▶ **RECORDS FOR THIS TASK**:
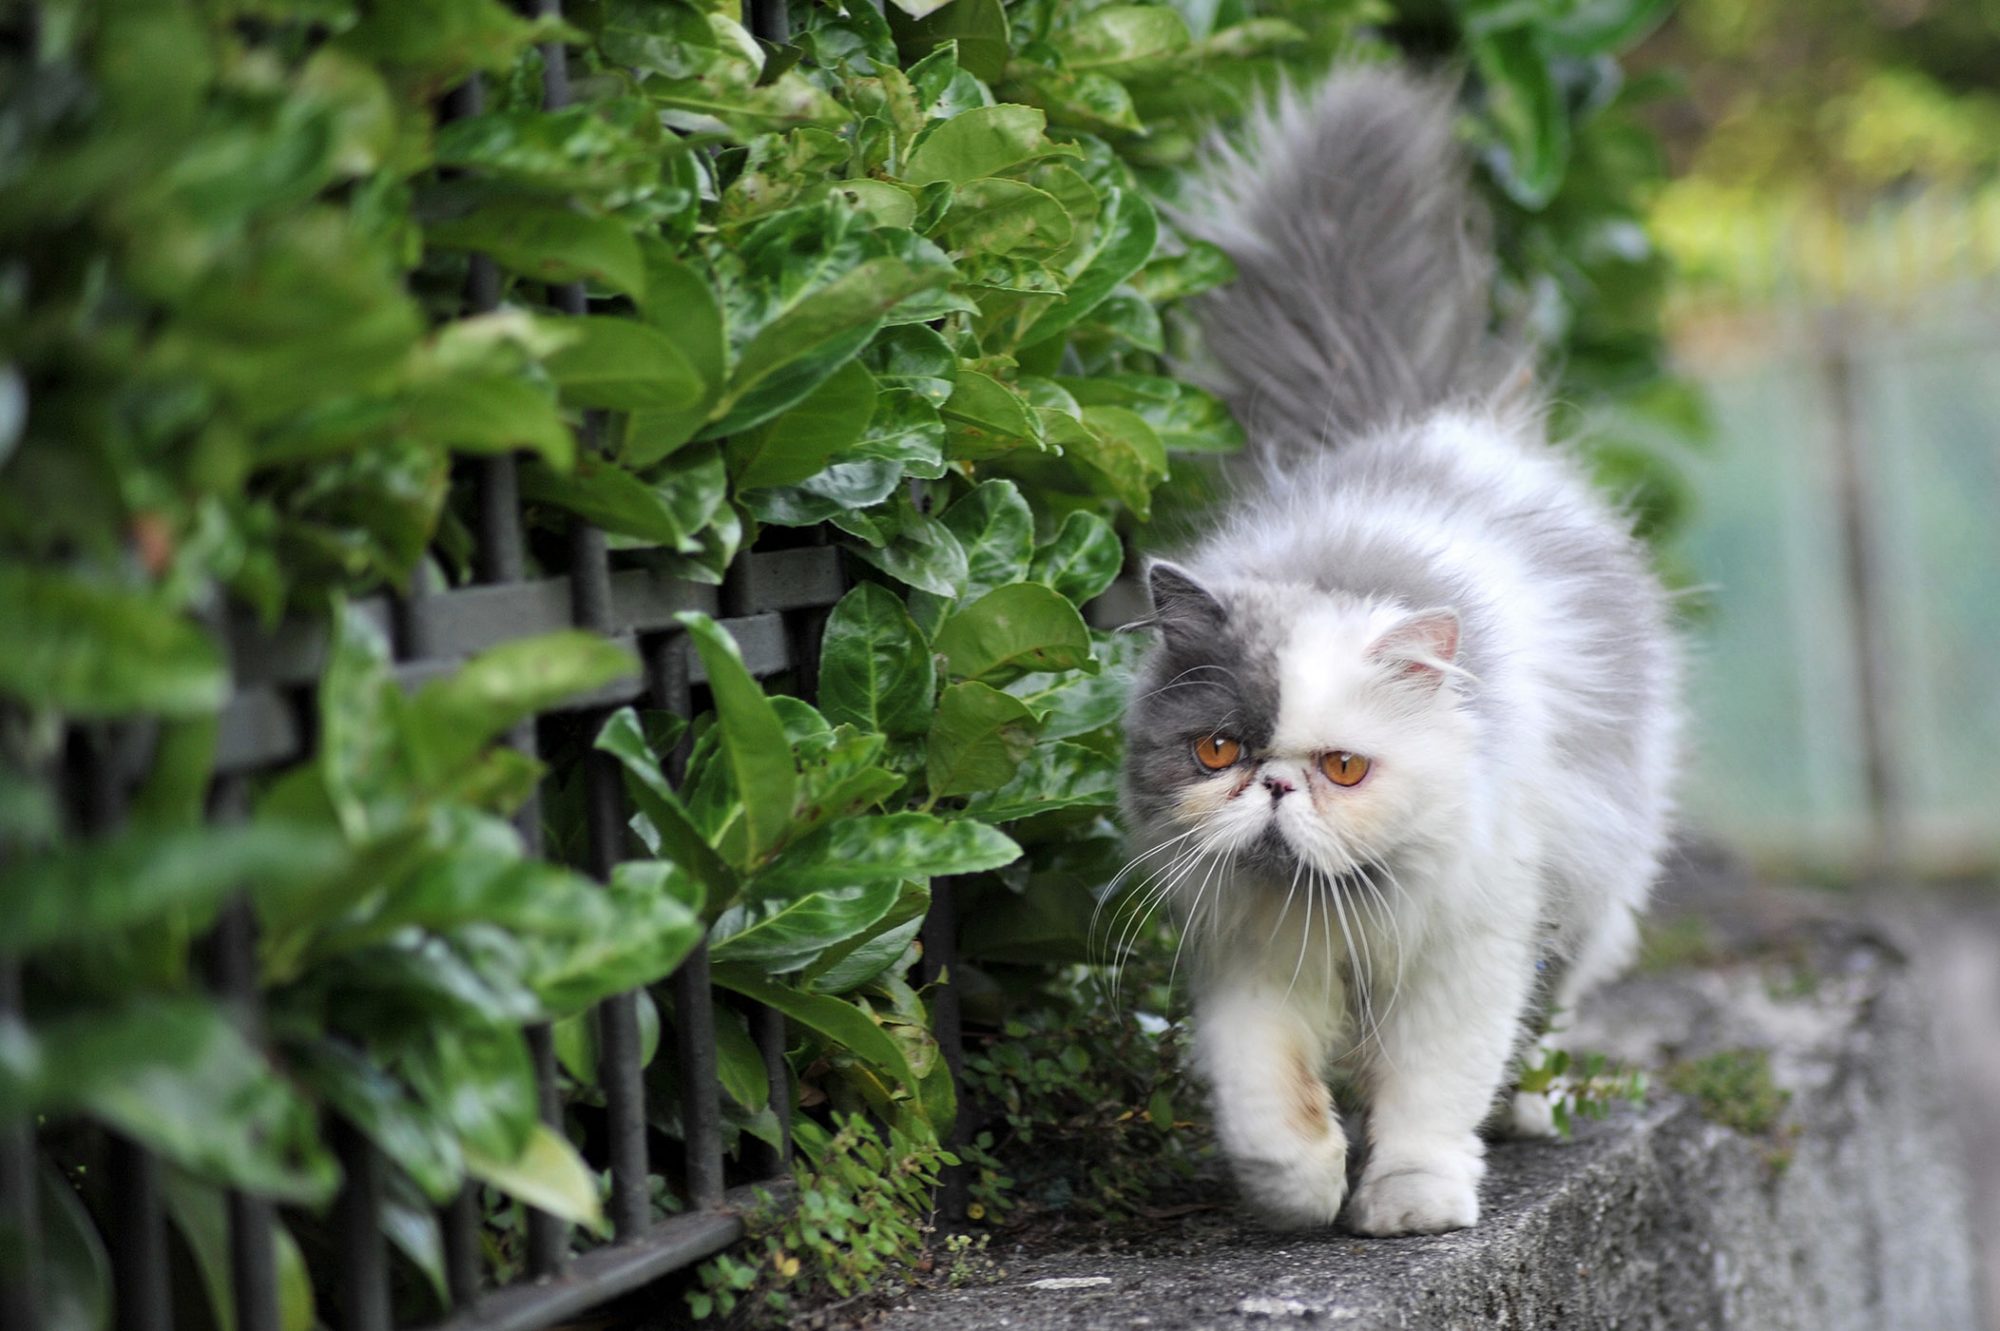 Trong cỏ có chứa Axit folic - vitamin thiết yếu giúp cơ thể mèo sản xuất Hemoglobin, giúp vận chuyển oxi trong máu
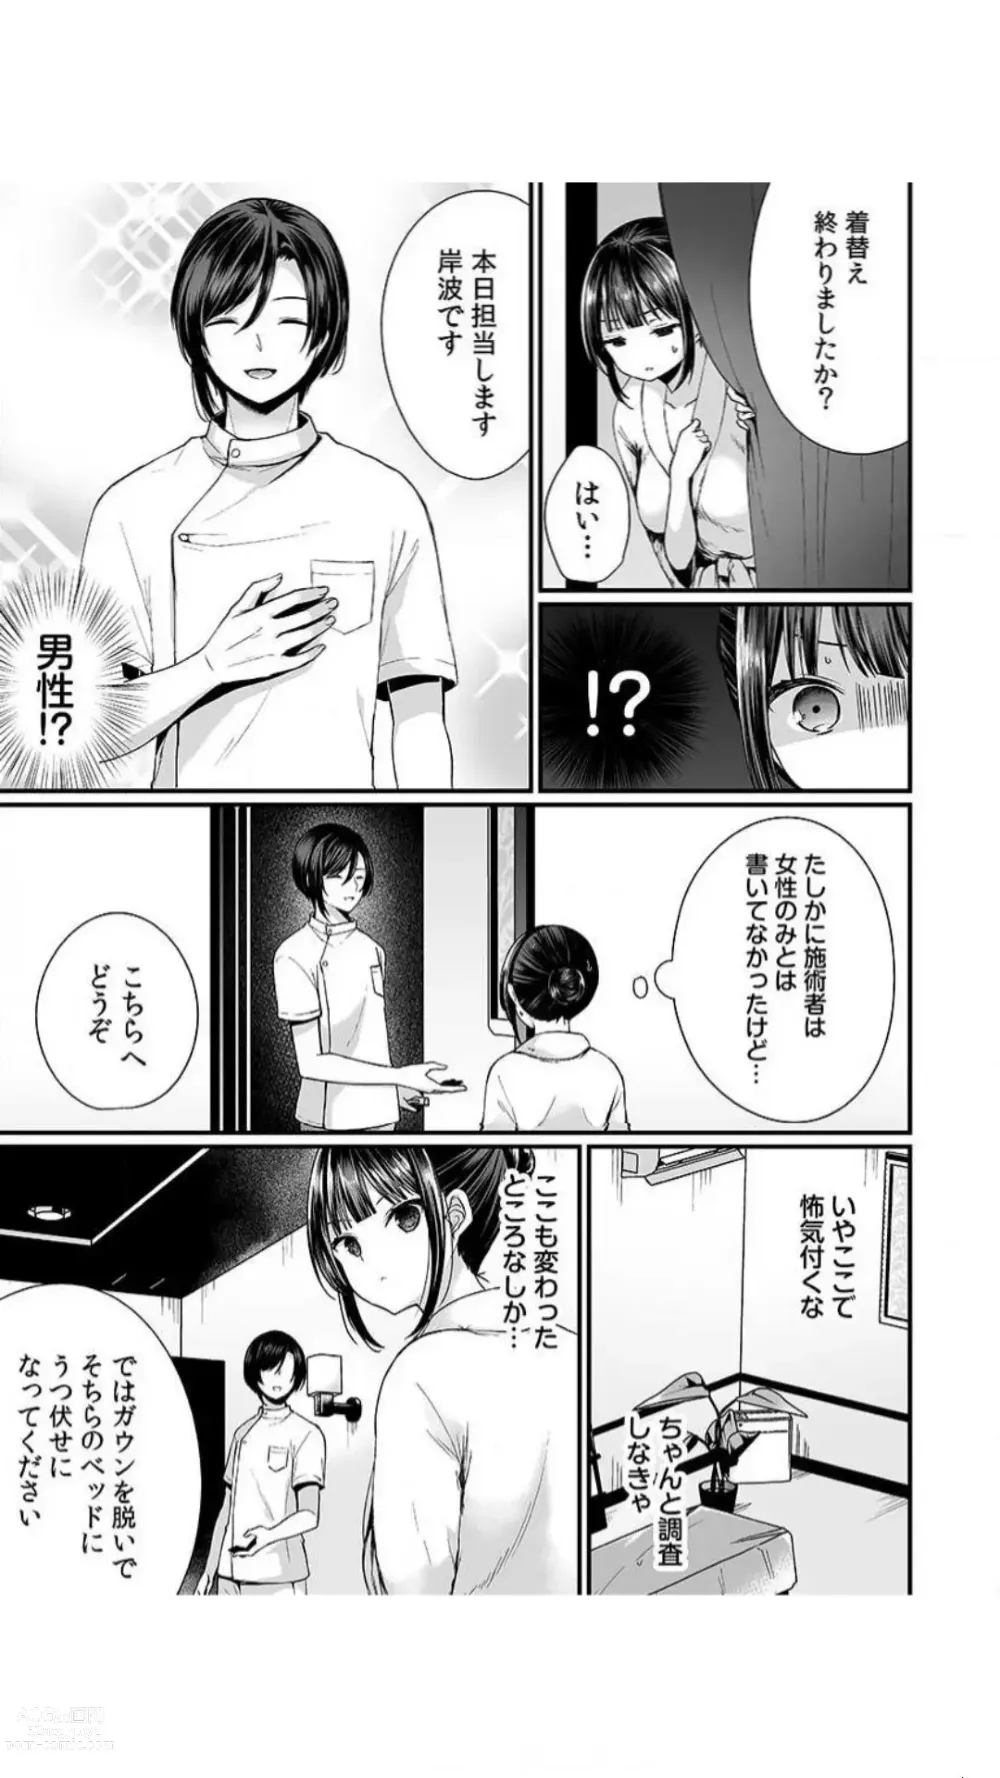 Page 7 of manga Ikasare Sugite Chousa Muri... Sennyuu! Uwasa no Kaikan Massage-ten
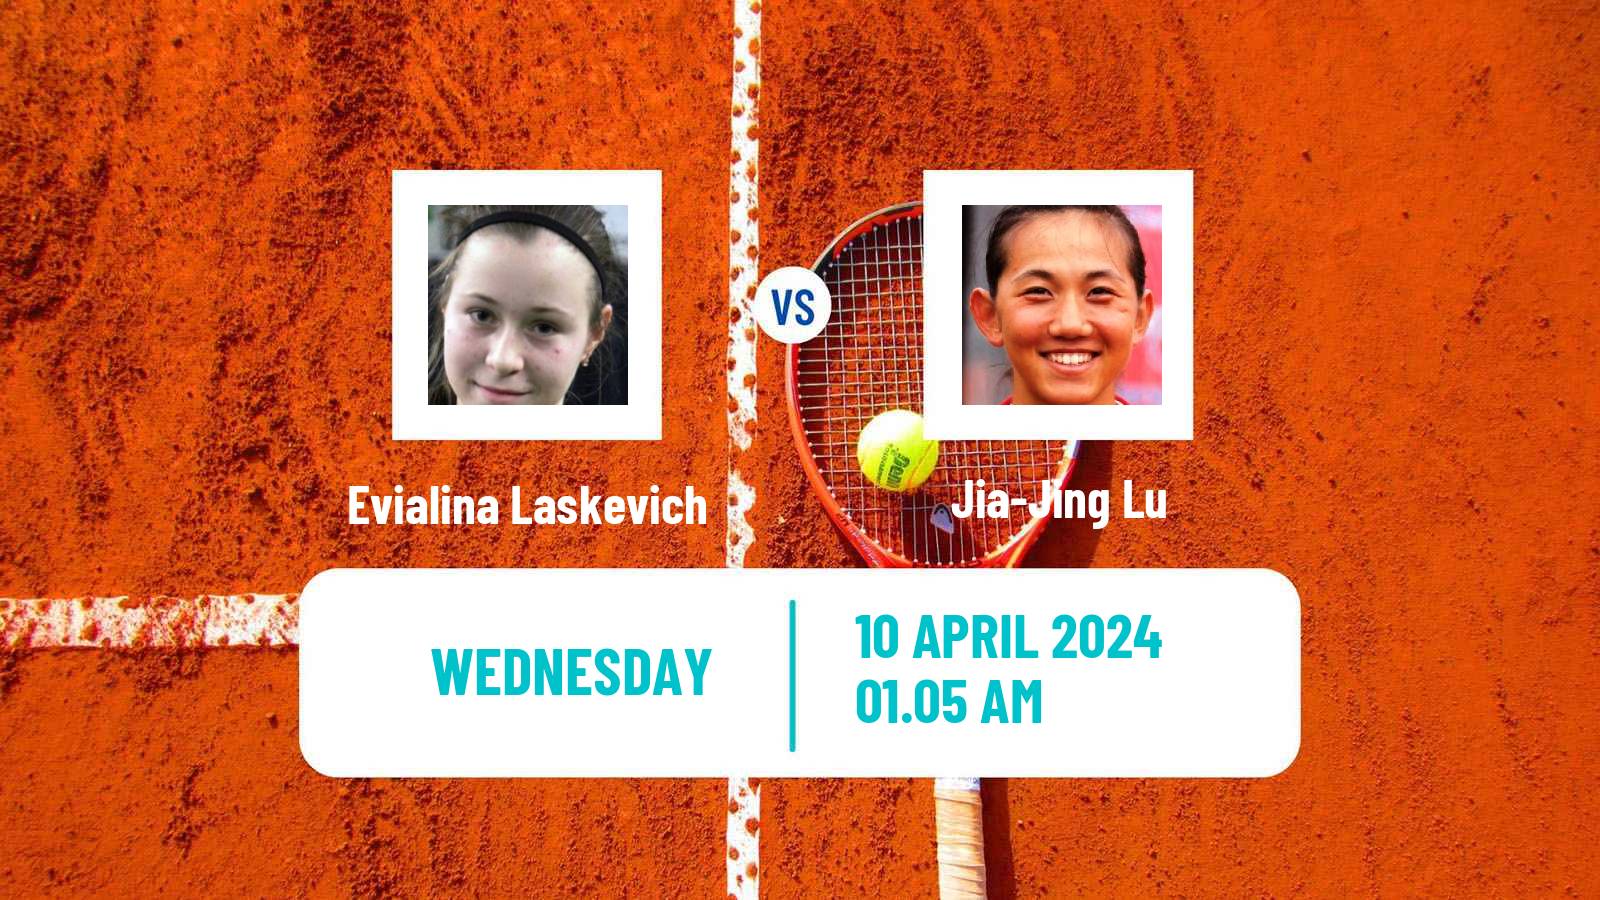 Tennis ITF W50 Shenzhen Women Evialina Laskevich - Jia-Jing Lu
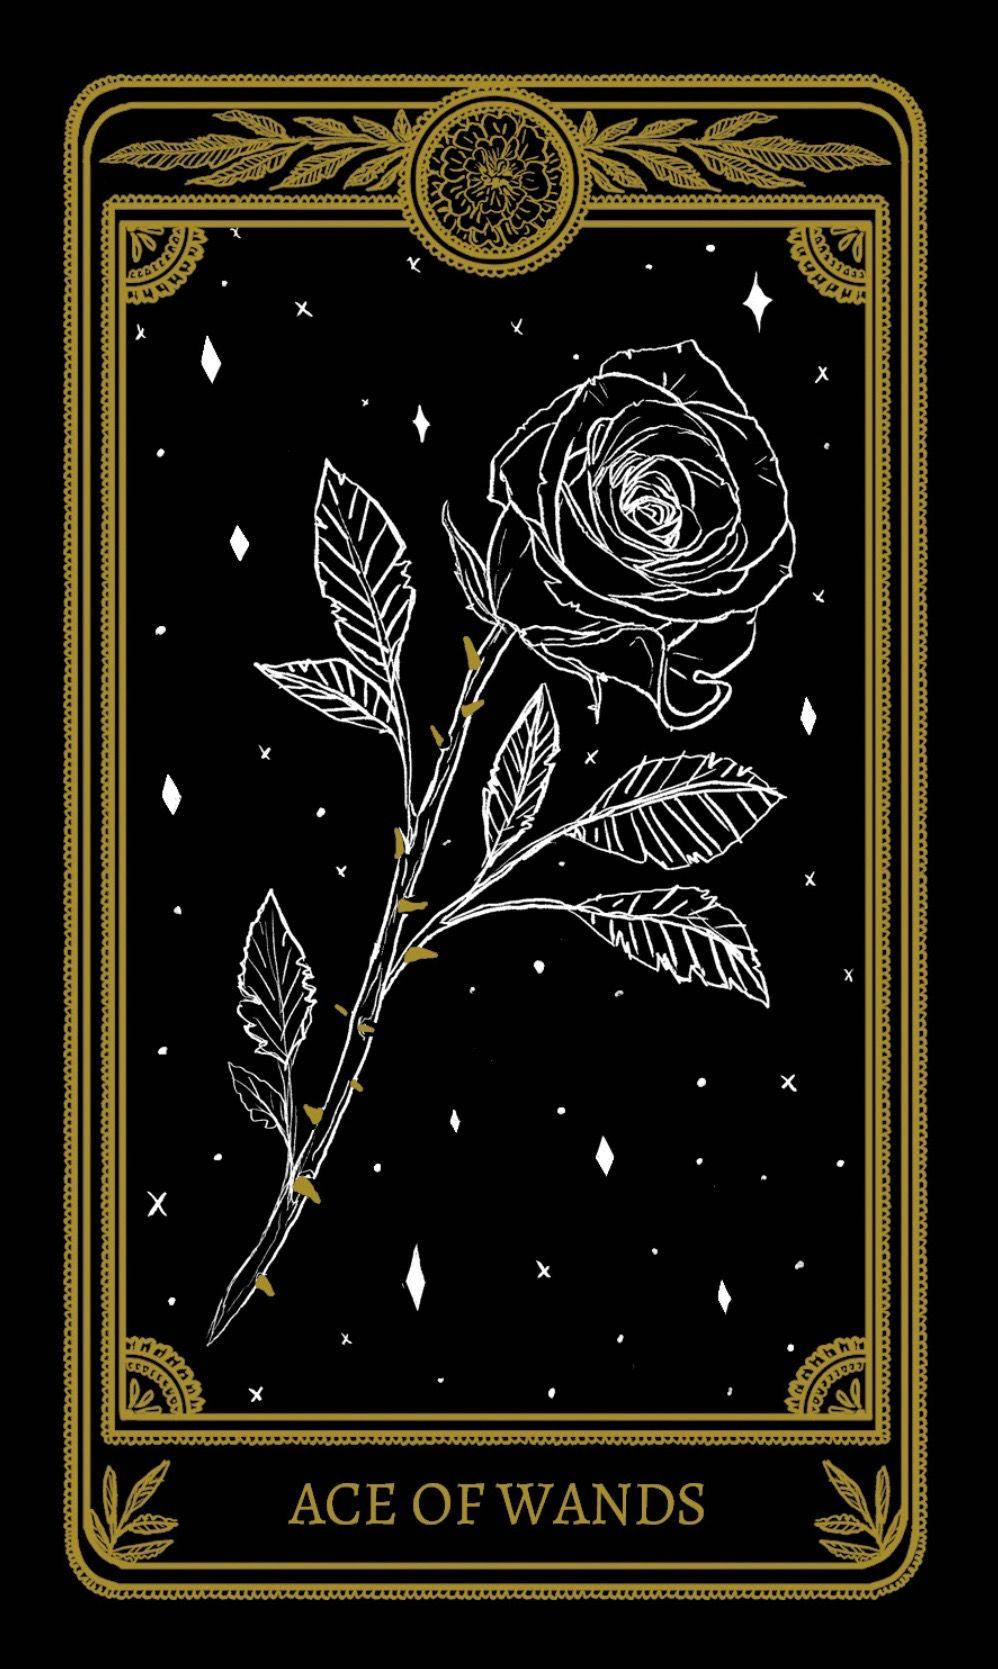 Eineschwarze Und Goldene Tarotkarte Mit Einer Rose Wallpaper
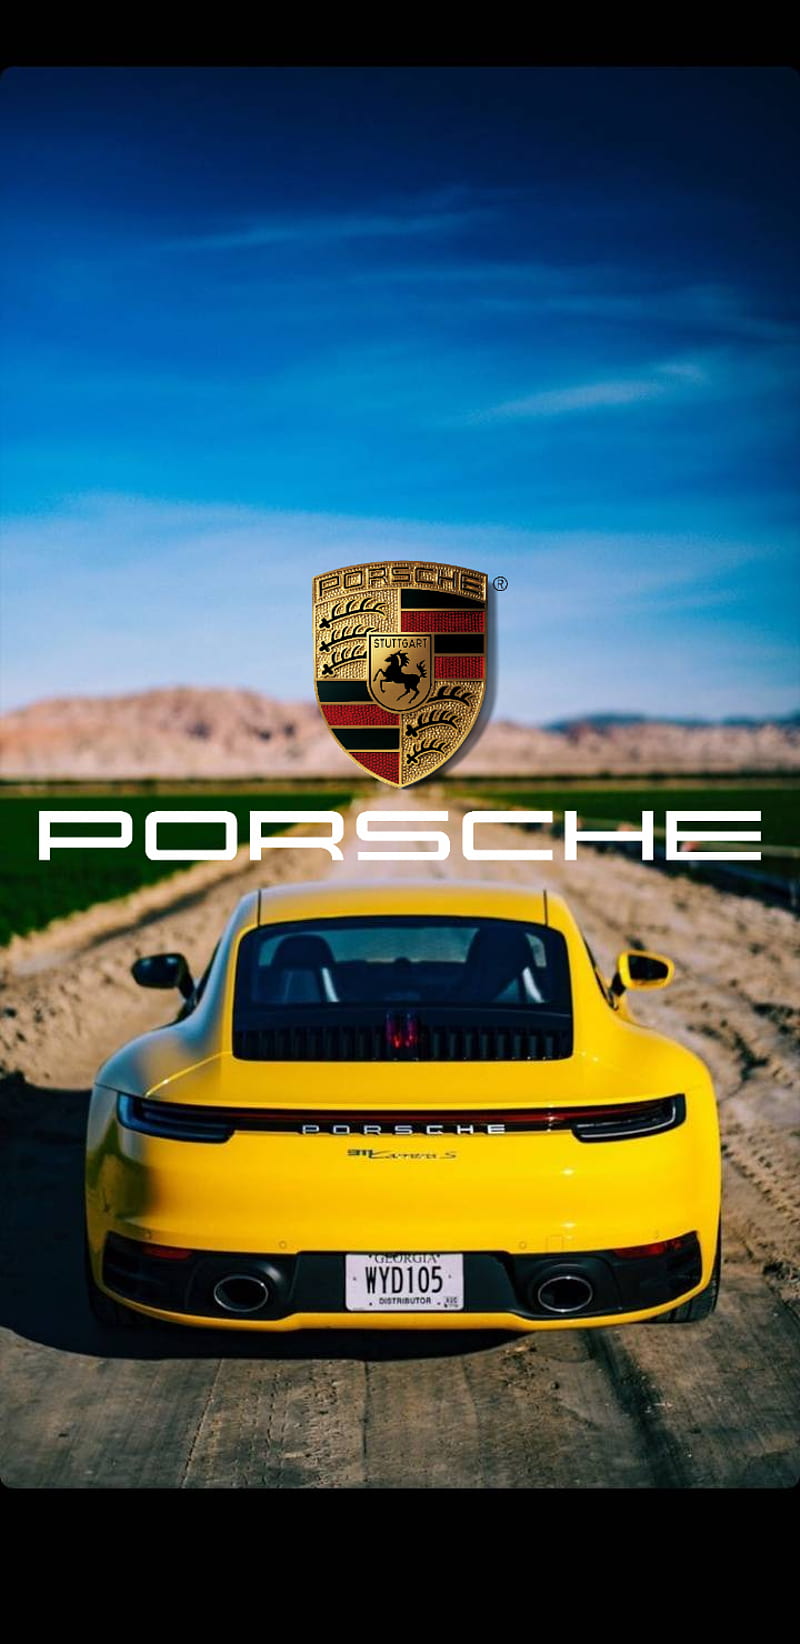 Porsche 911, 911, best cars, carrera, carros, porsche, porsche carrera, speed, yellow, HD phone wallpaper

▶ **TASK TO COMPLETE**: Output only the lines running from the line with "Eineschwarze Und Goldene" through the last line of the entries above, inclusive, with pictures excluded.

▶ **EXERCISE SOLUTION**:
 Eineschwarze Und Goldene Tarotkarte Mit Einer Rose Wallpaper
 Porsche 911, 911, best cars, carrera, carros, porsche, porsche carrera, speed, yellow, HD phone wallpaper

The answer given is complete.